Петрик взял ее поперек.
— Вот видишь, я могу… И даже совсем без палки…
Он шел легко и бодро. Они оставили город за собою и направились к кладбищу. Там менее было людно. Они сели на скамью у ворот. Кладбище утром приняло свои жертвы и теперь отдыхало. От высоких пыльных кипарисов терпко пахло. Точно запах вечности шел от них. Перед ними был каменный обрыв. За ним голубое и тихое простиралось море. За белым молом притаился миноносец. Петрик и не заметил его сначала. Вправо, полукругом, вдавалась в берег бухта. На круглой гальке черные лежали рыбацкие лодки. Дальше крутым амфитеатром млела в солнечных лучах жемчужная Ялта. Чуть доносился говор толпы на набережной. Белые здания гостиниц возвышались на горе. Над ними реяли в тихом воздухе красно-крестные флаги. От моря пахло йодом водорослей и рыбой. От города шли цветочные ароматы. Зубцы гор Ай-Петри были в розовых закатных лучах и точно сквозили. Здешние горы не казались Валентине Петровне такими страшными, как горы Манчжурии. Она спокойно посмотрела на них.
— А где-то теперь наша Настенька?.. Жива ли она, бедняжка?.. Может быть, даже лучше, если она умерла, — сказала Валентина Петровна и тяжело вздохнула.
Петрик промолчал. Он думал о другом. Она положила свою руку на его. Он тихо пожал ее.
"Клинг-клянг… Клинг-клянг"…, - мелодично и так красиво, как красив бывает звук только на море, пробили на миноносце склянки.
Петрик вздрогнул и быстро, точно какое-то решение пришло ему в голову, встал.
— Пойдем, Солнышко.
Он взял палку, как шашку в приеме «шагом» и, не беря под руку, как делал это раньше, Валентину Петровну, стал бодро, подлаживаясь под ее шаг, спускаться к Ялте.
На лице Петрика застыла какая то восторженная озабоченность. Валентина Петровна сбоку с тревогой посмотрела на него. Точно отбитые склянки на миноносце что-то сказали Петрику.
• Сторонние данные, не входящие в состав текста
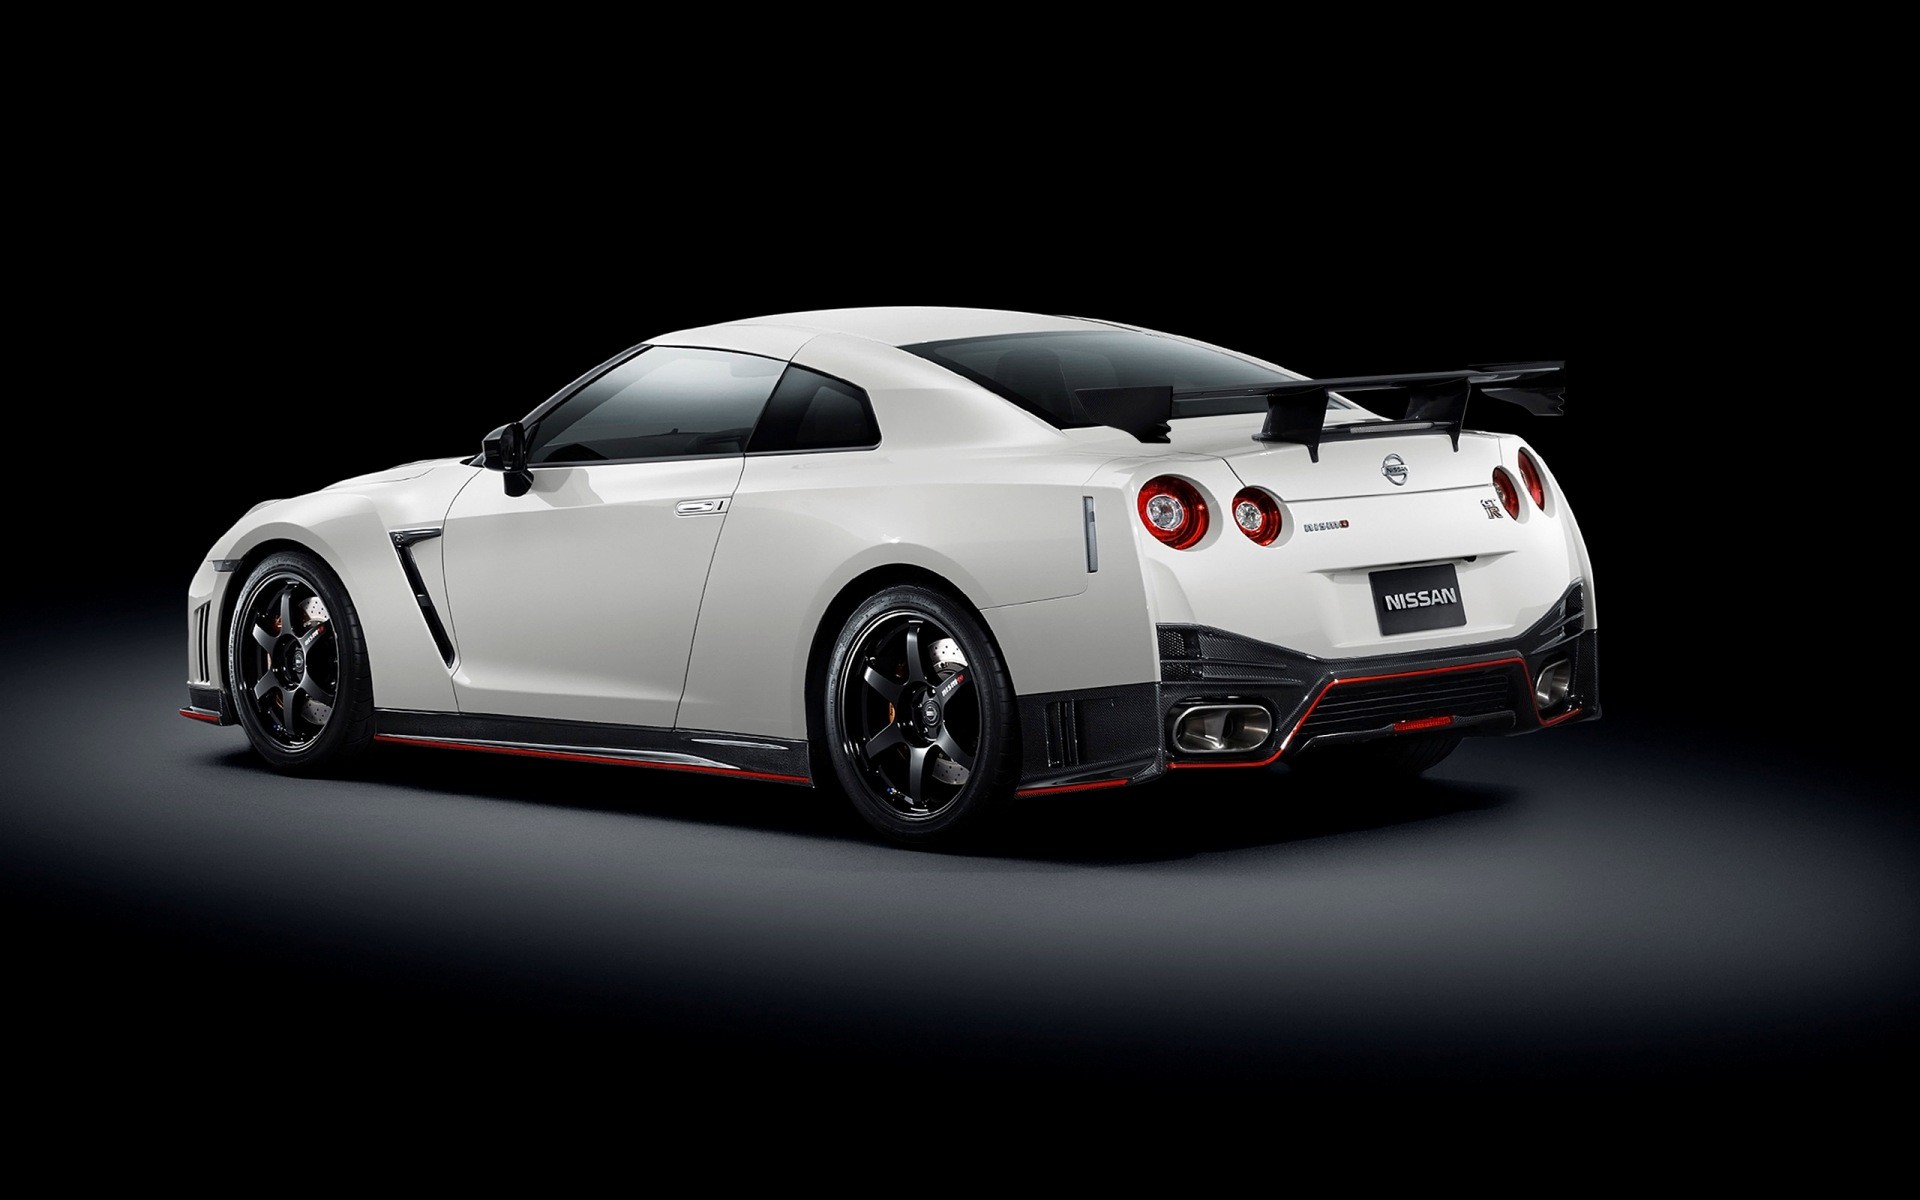 General 1920x1200 Nismo Nissan GT-R car black background white cars vehicle Japanese cars rear view simple background Nissan licence plates taillights

На набережной была толпа. Нарядные дамы смешались с солдатами, среди офицерских кителей попадались изящные штатские костюмы. Ялта жила полною вечернею жизнью, забыв про войну. Ярко горели огни «биоскопа». Толпа стояла у кассы. Вечерние сумерки тихо наступали. Разом вспыхнули длинной чередой большие круглые фонари над набережной. Загорались огни и в окнах магазинов с пестрыми приевшимися выставками восточных и японских безделушек. Навстречу им шла нарядная дама с офицером. Дама вела на сворке темно-коричневую английскую борзую. Поджимаясь на коротком шагу, изогнув спину, как это делала Ди-ди Валентины Петровны, борзая шла, насторожив трубочками нежные уши. Валентина Петровна задержала шаг и залюбовалась собакой. Петрик поймал ее взгляд.
— Солнышко, заведи себе собаку, — сказал он. Он сказал это совсем просто, но в этот вечер все для Валентины Петровны уже имело особое значение. Она насторожилась. И он сейчас же почувствовал ее настороженность, и уже продолжал с особою настойчивостью.
— Конечно, заведи. Тебе веселее будет.
— Мне с тобою и так очень хорошо. Другого веселья мне не надо.
Это было сказано тоже совсем просто, но в этот вечер они понимали слова не только по их наружному значению. Они точно читали в душе один у другого. И холодно стало на душе у Валентины Петровны.